# Exercise data
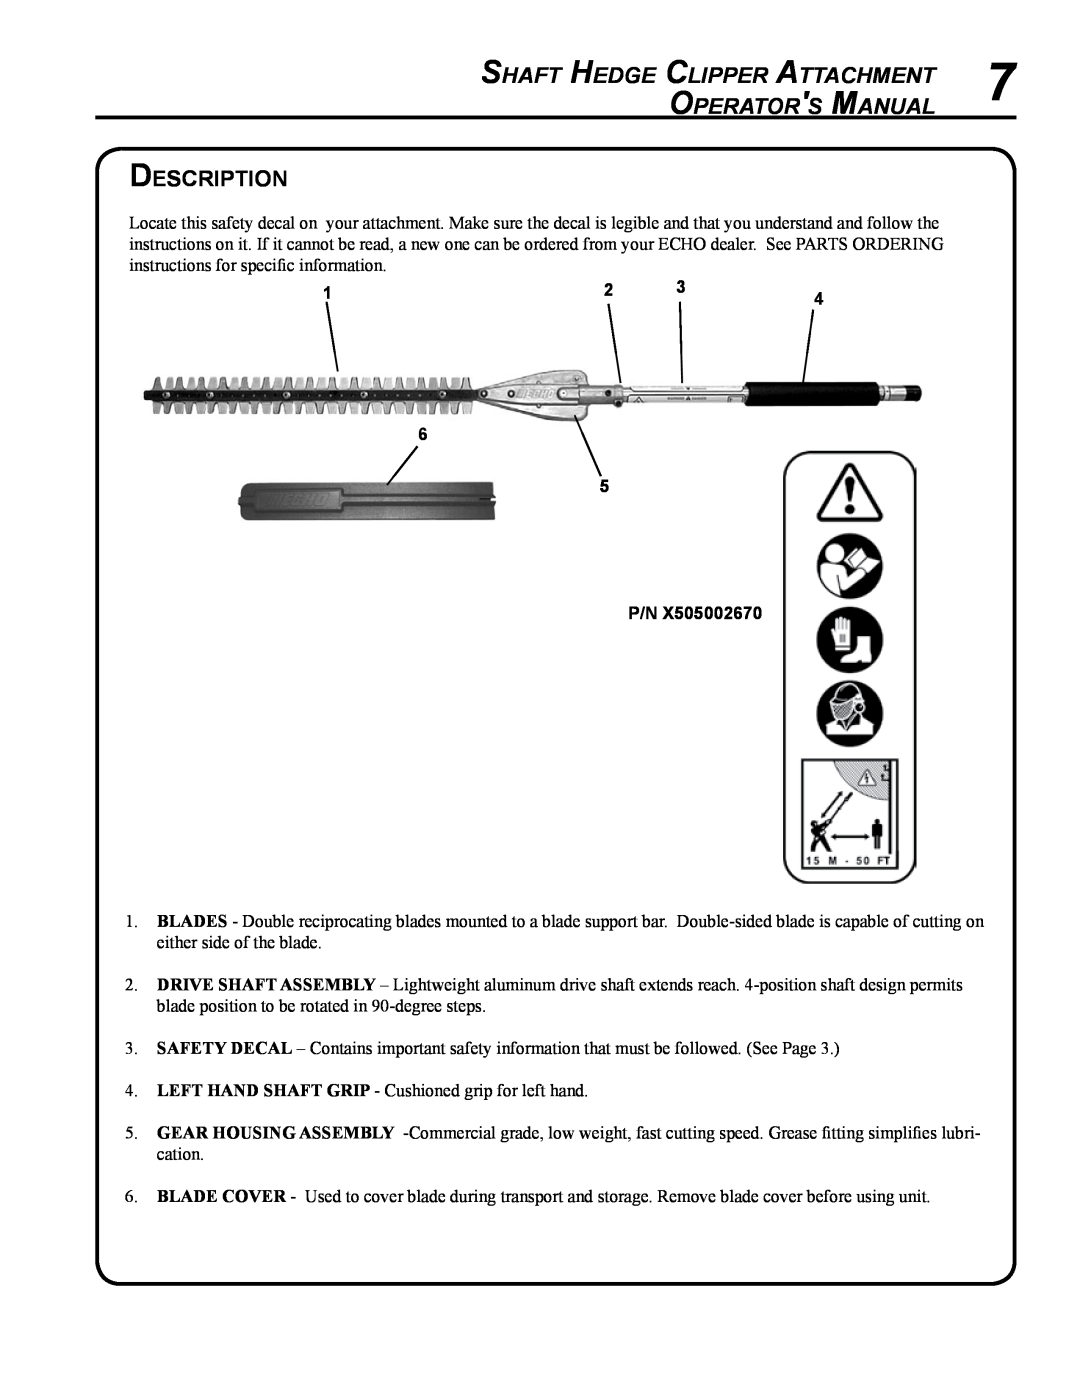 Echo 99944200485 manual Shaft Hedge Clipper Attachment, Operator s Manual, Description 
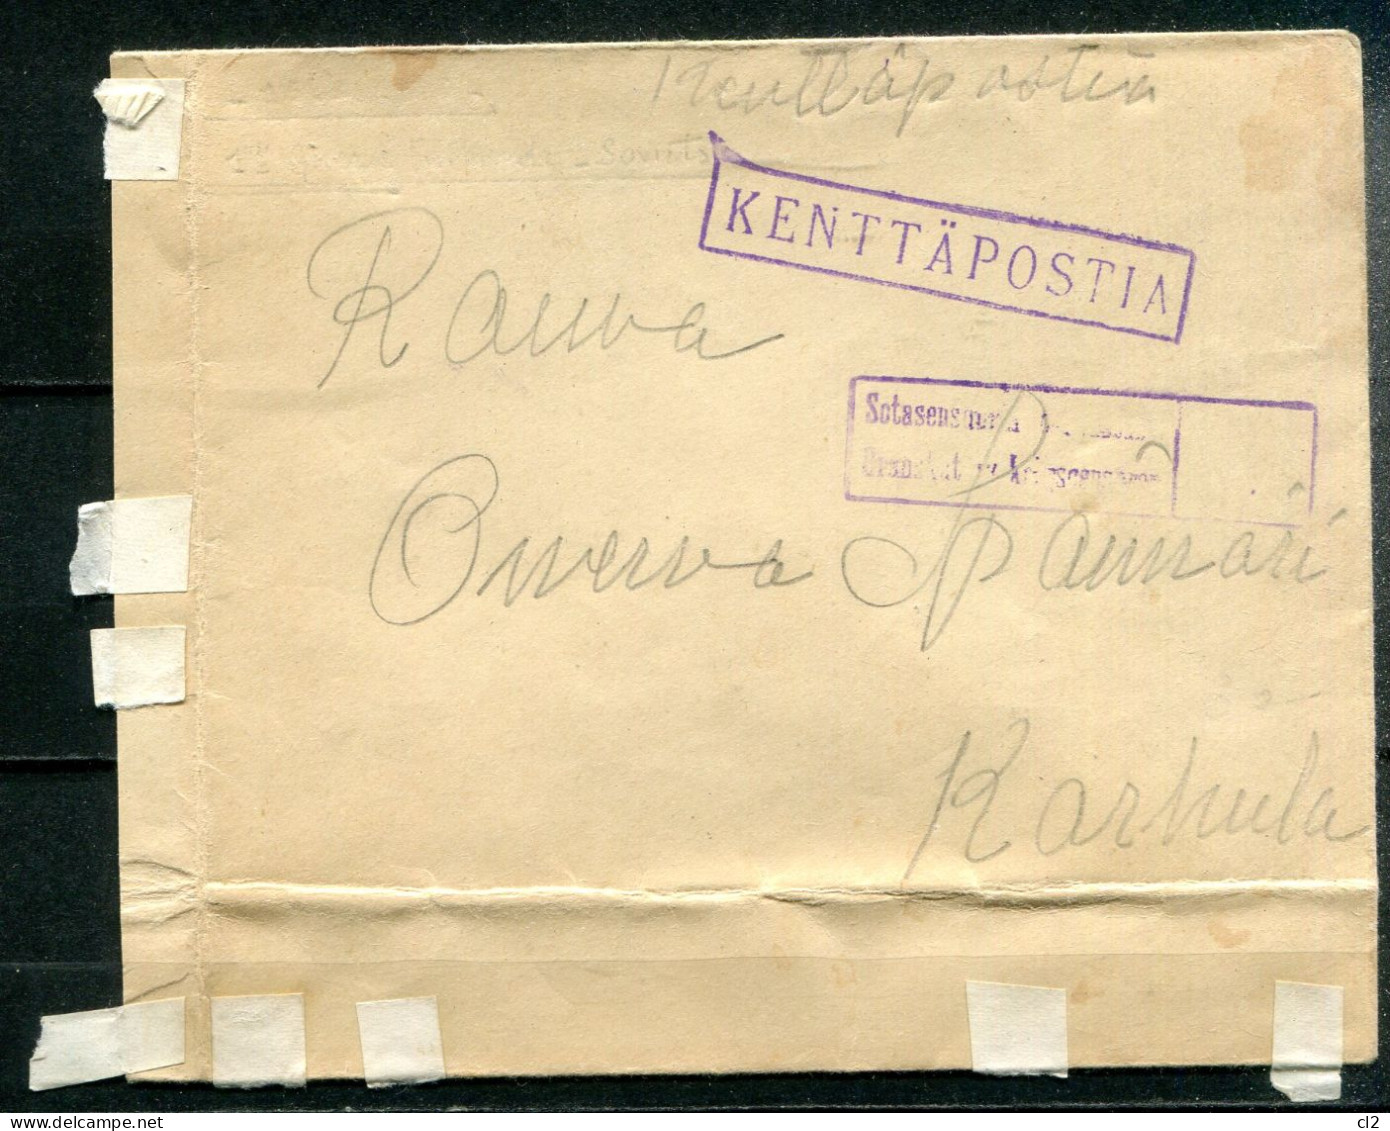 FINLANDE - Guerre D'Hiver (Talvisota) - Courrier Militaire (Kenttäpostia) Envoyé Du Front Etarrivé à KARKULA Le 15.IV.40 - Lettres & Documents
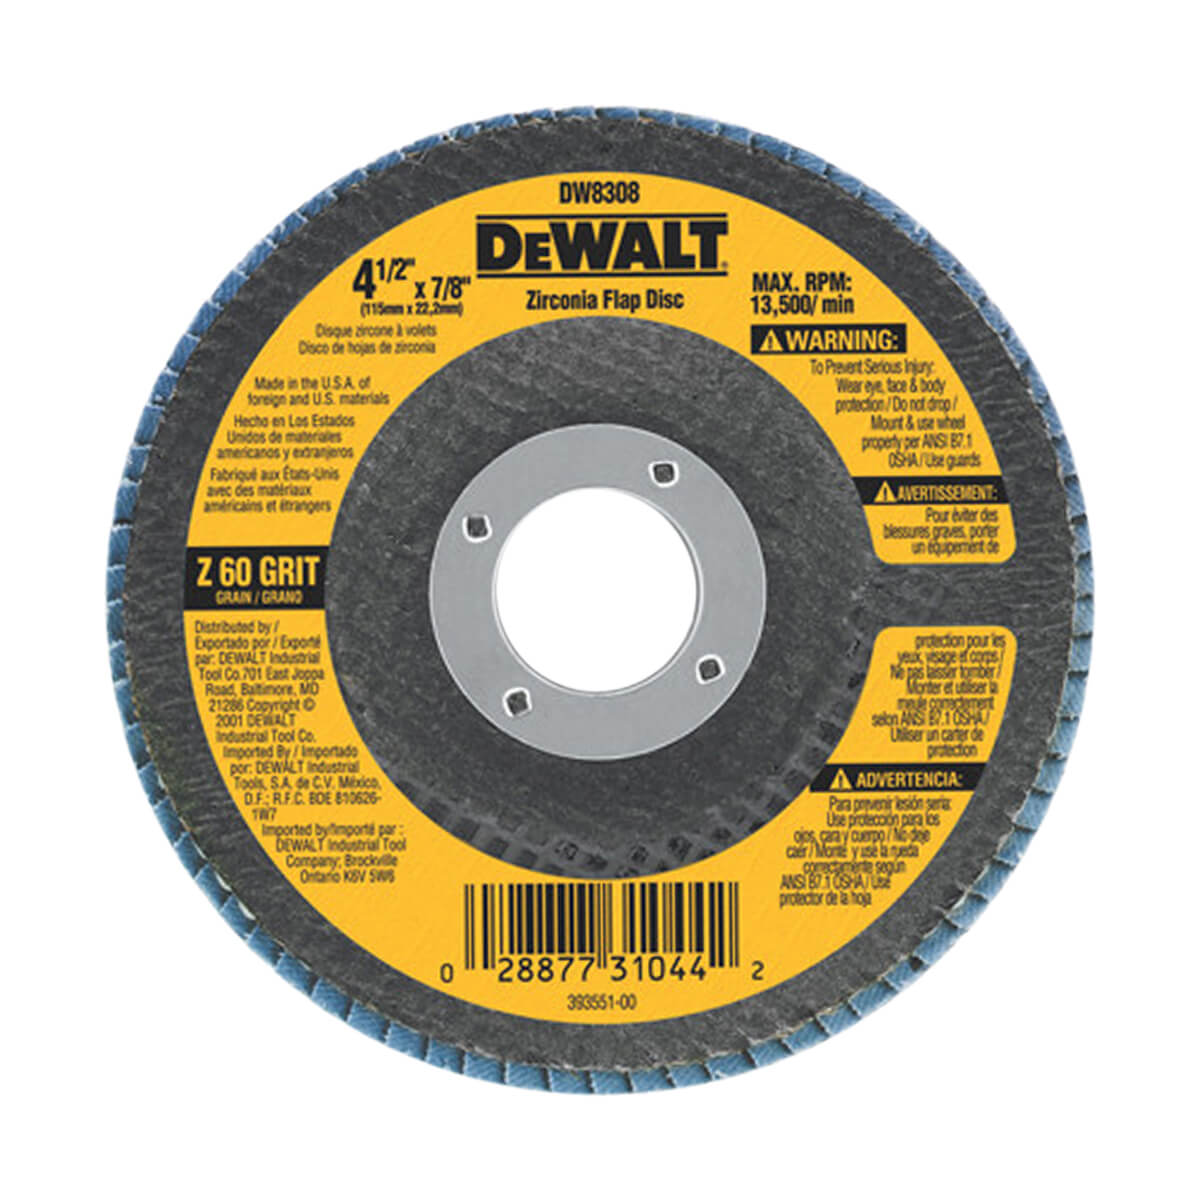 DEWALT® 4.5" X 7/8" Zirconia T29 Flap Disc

# Problem to work on
The full listing must come back exactly as written, with its pictures left out.

# Solution
 Echo 99944200485 manual Shaft Hedge Clipper Attachment, Operator s Manual, Description 
 FINLANDE - Guerre D'Hiver (Talvisota) - Courrier Militaire (Kenttäpostia) Envoyé Du Front Etarrivé à KARKULA Le 15.IV.40 - Lettres & Documents
 DEWALT® 4.5" X 7/8" Zirconia T29 Flap Disc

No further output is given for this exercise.